Chronique du 7 mai 2007

J’ai rencontré une oie. Je m’appelle Alaï Goose, m’a-t-elle dit. Du moins je l’imagine. Pas mal comme nom pour une oie, lui ai-je dit, au bord de sa mare. Y’en a marre de ce froid de canard, a-t-elle ajouté, drapée de sa blanche féminité.

Le lendemain, je suis retourné. Il faisait plus chaud. Pour quel canard travailles-tu à venir ainsi observer les oies ? m’a-t-elle demandé.
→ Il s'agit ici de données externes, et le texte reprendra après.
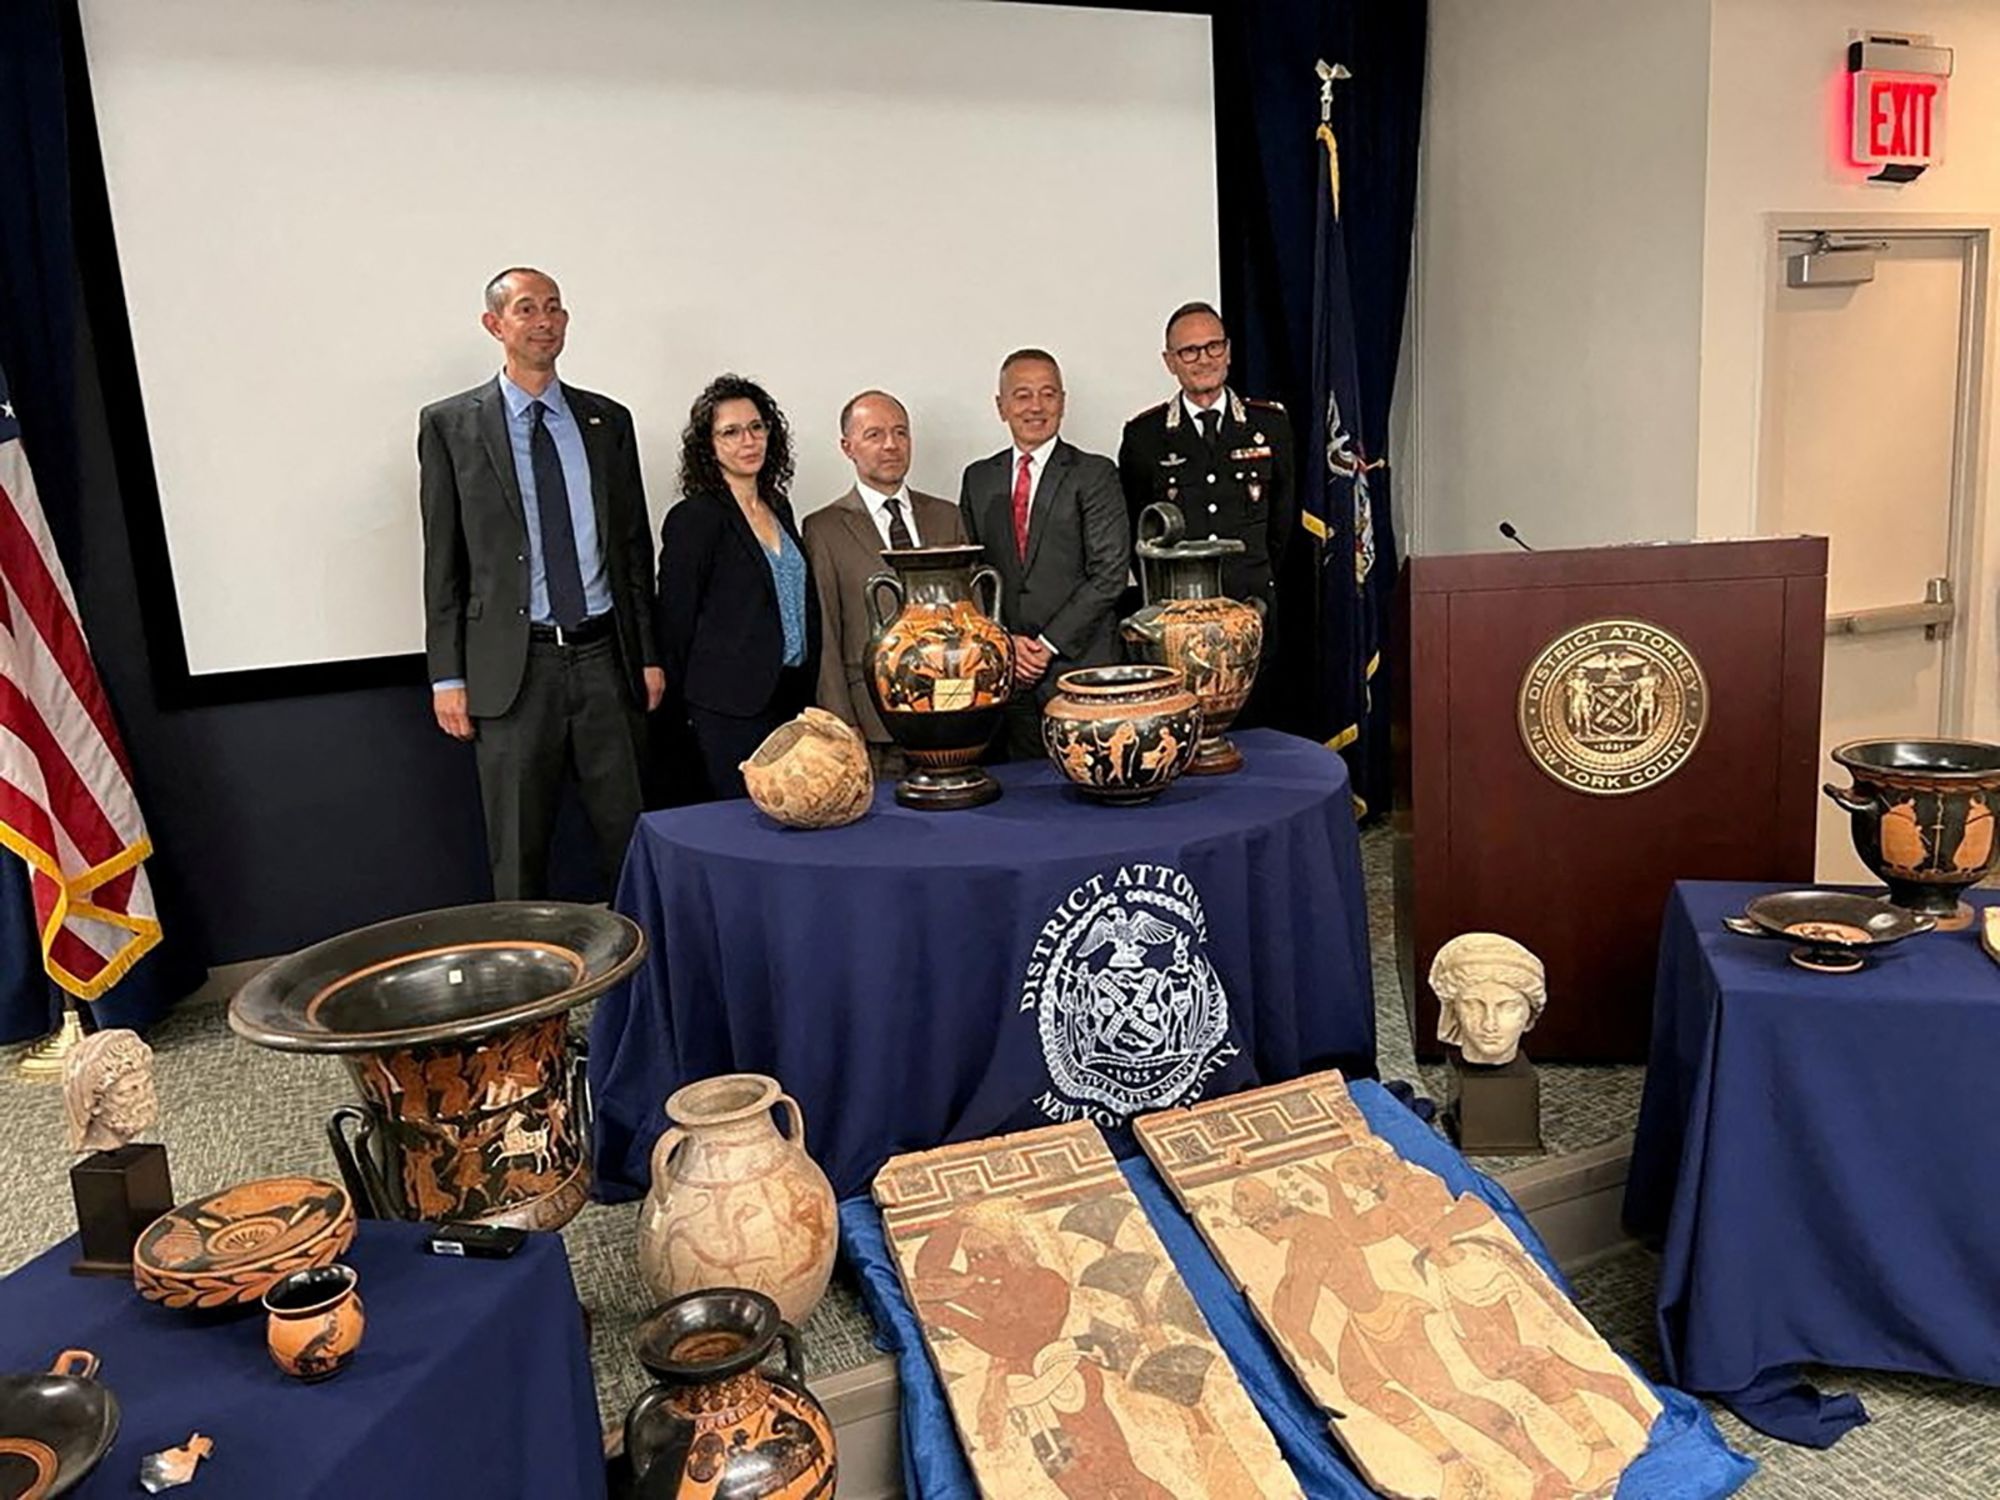 Deputy Special Agent in Charge at Homeland Security Investigation NY, Mike Alfonso, First Legal Secretary of Manhattan District Attorney's Office, Gloria Garcia, Italy's Console, Cesare Bieller, Assistant District Attorney NY, Colonel Matthew Bogdanos, Commander of Carabinieri TPC General Vincenzo Molinese, present some of the antiquities returned to Italy from U.S. during a ceremony in New York, U.S., August 8, 2023.

Une question bête comme une oie, me suis-je dit, à la manière d’une journaliste de France 2 demandant à une oie blanche un soir d’élection présidentielle si elle va devenir ministre. Il ne faut pas prendre les enfants du Bon Dieu pour des canards sauvages, aurait-elle pu observer, mais l’invitée aura su garder toute sa dignité. Tu ne seras pas surpris de ce cheminement, ô lecteur. Si tu te dis un seul instant qu’il manque sans doute ici une case, dis-toi que c’est un jeu et que tu viens de tomber au bas de l’échelle, histoire de reprendre depuis le début.
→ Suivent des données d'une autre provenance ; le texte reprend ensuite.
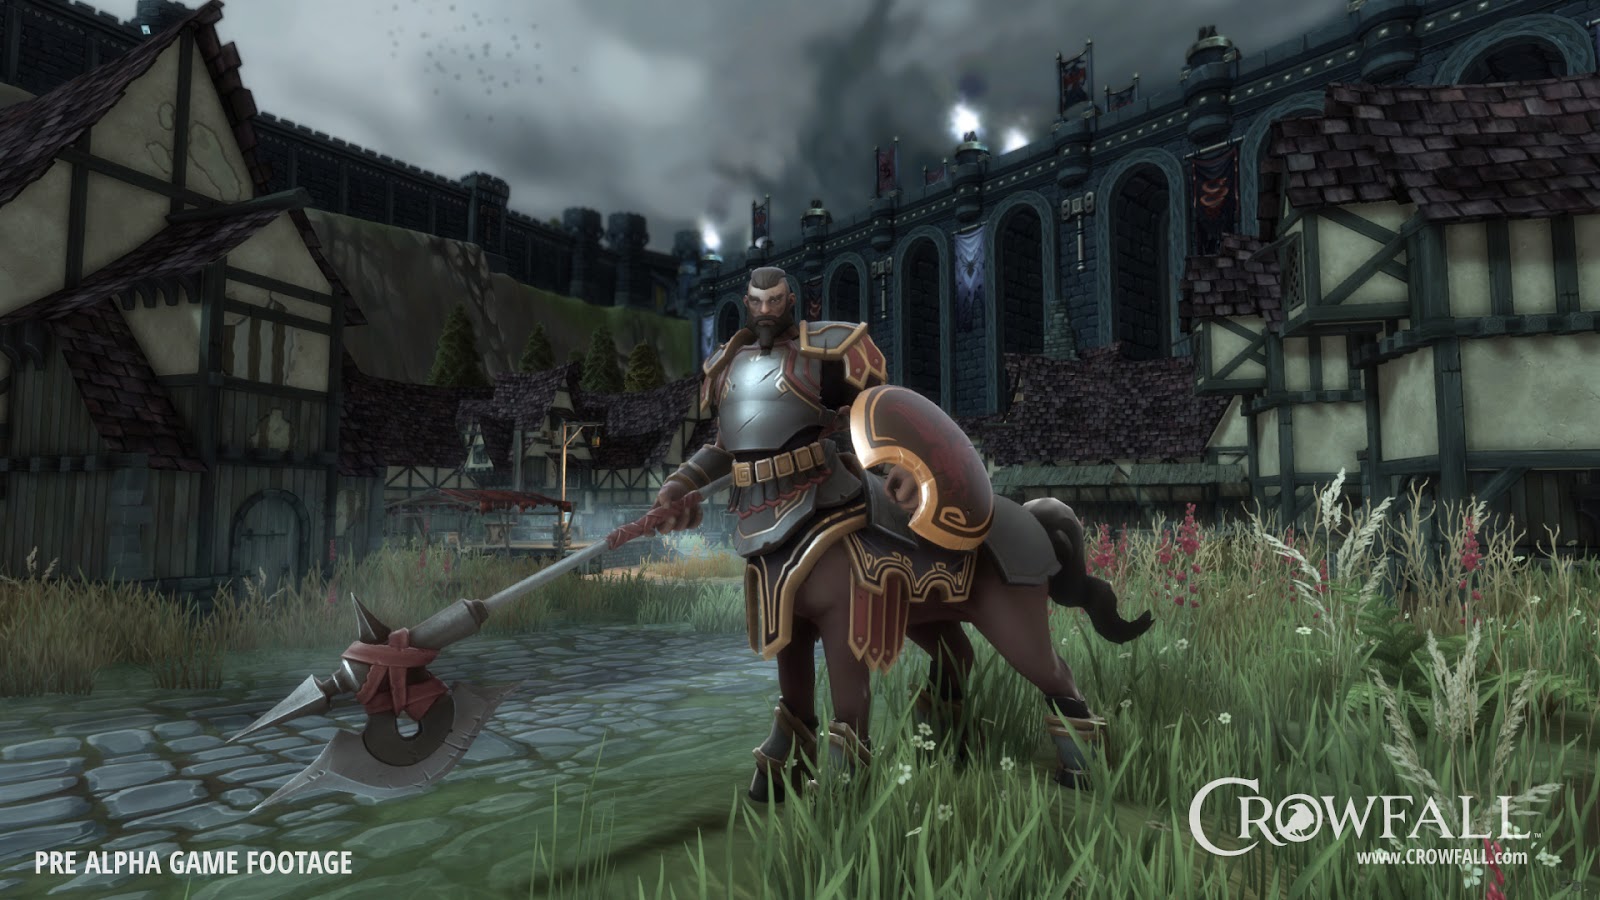 Free access codes to Crowfall's closed beta begin popping up

Le résultat du deuxième tour semblait glisser sur Ségolène comme sur les plumes d’un canard, ai-je confié à mon oie favorite. D’aucuns eussent aimé qu’elle fît la cane, ajouta-t-elle dans un parfait subjonctif imparfait, preuve que les oies peuvent résoudre des contradictions que nous les humains sommes incapables d’appréhender. C’est que la France en aura soupé de tous ceux qui caquètent, me glissa-t-elle alors subrepticement. Comment ne pas être déconfit ? Pas bête, cette oie, me suis-je avoué, tenté de lui faire un petit canard, histoire de la remercier.

Allez, tout le monde au travail ! s’écriera-t-on demain. Et s’il le faut, dénichons les canards sans plumes.